The present invention relates to airfoil internal cooling circuits and, more particularly, to methods for forming a surface roughness on airfoil walls and structures that define an internal cooling passage.
Gas turbine engines, such as turbofan gas turbine engines, may be used to power various types of vehicles and systems, such as, for example, aircraft. Typically, these engines include turbine blades (or airfoils) that are impinged by high-energy compressed air that causes a turbine of the engine to rotate at a high speed. Consequently, the blades are subjected to high heat and stress loadings which, over time, may reduce their structural integrity.
Modern aircraft jet engines have employed internal cooling systems in the blades to maintain the blade temperatures within acceptable limits.

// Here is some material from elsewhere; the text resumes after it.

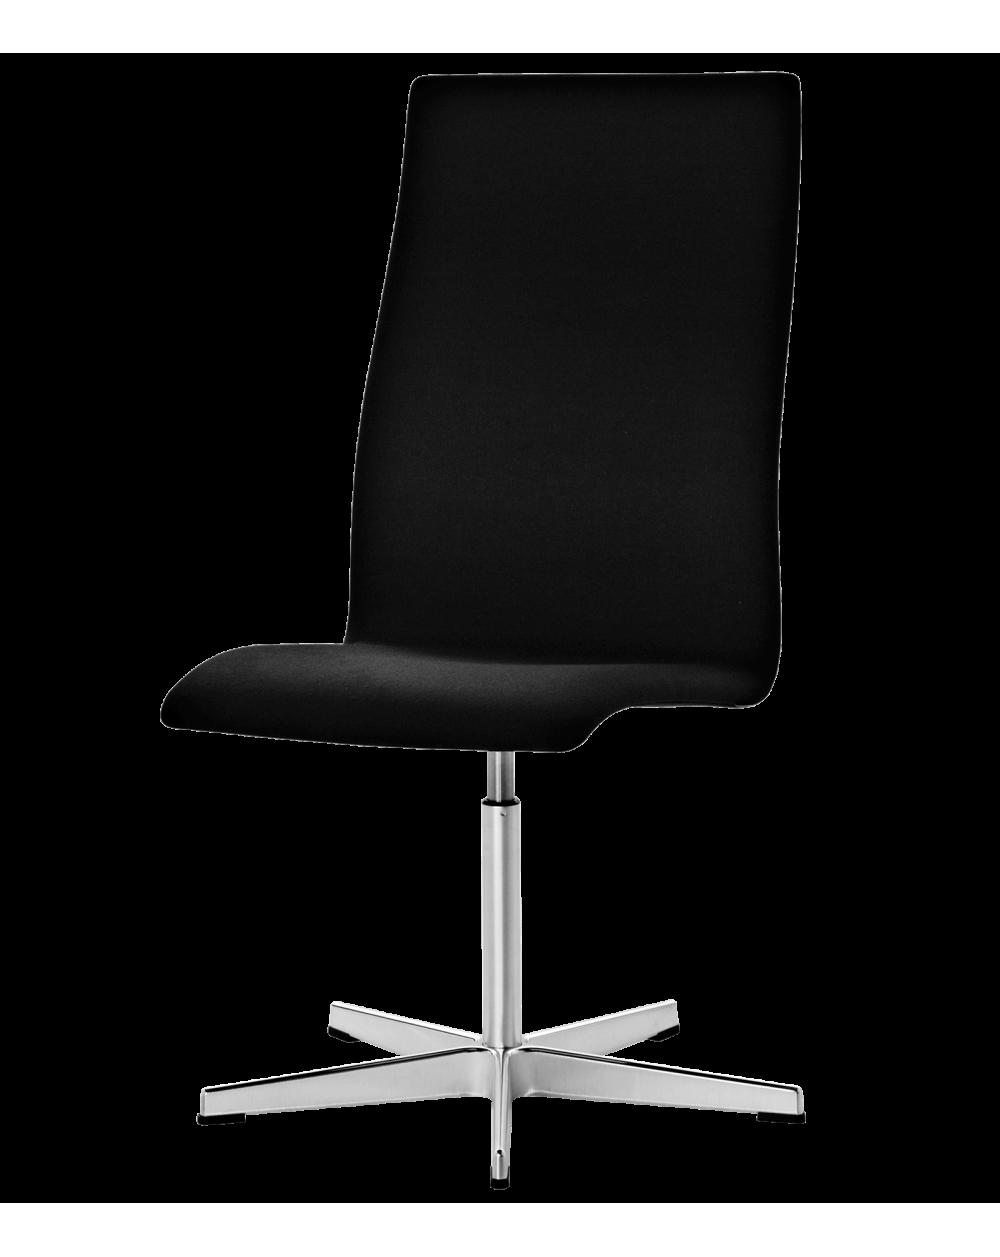 Oxford chair, Arne Jacobsen

Typically, the blades are air cooled using, for example, bleed air from a compressor section of the engine. The air may enter near the blade root, and then flow through a cooling circuit formed in the turbine blade. The cooling circuit typically consists of a series of connected passages that form serpentine paths, which increase the cooling effectiveness by extending the length of the air flow path.
In some cooling circuits, turbulator bumps, full or half pin fins, or other types of structured rougheners extend partially into the cooling circuit flow path to augment heat transfer from the blade to the cooling air. In some cases, however, the flow path may be extremely narrow and the structured rougheners may unintentionally choke the flow of air. As a result, a relatively large pressure drop may exist between two or more sections of the flow path, which may cause one or more areas of the blade to be insufficiently cooled. Moreover, producing structured rougheners on the inner surfaces of the blade may be relatively difficult. Specifically, because the paths may be relatively small and narrow, conventional techniques of forming turbulators as part of a core die, for example, by lost wax casting, may not produce suitably shaped features. Consequently the misshapen structures may unintentionally adversely affect the airflow through the flow path.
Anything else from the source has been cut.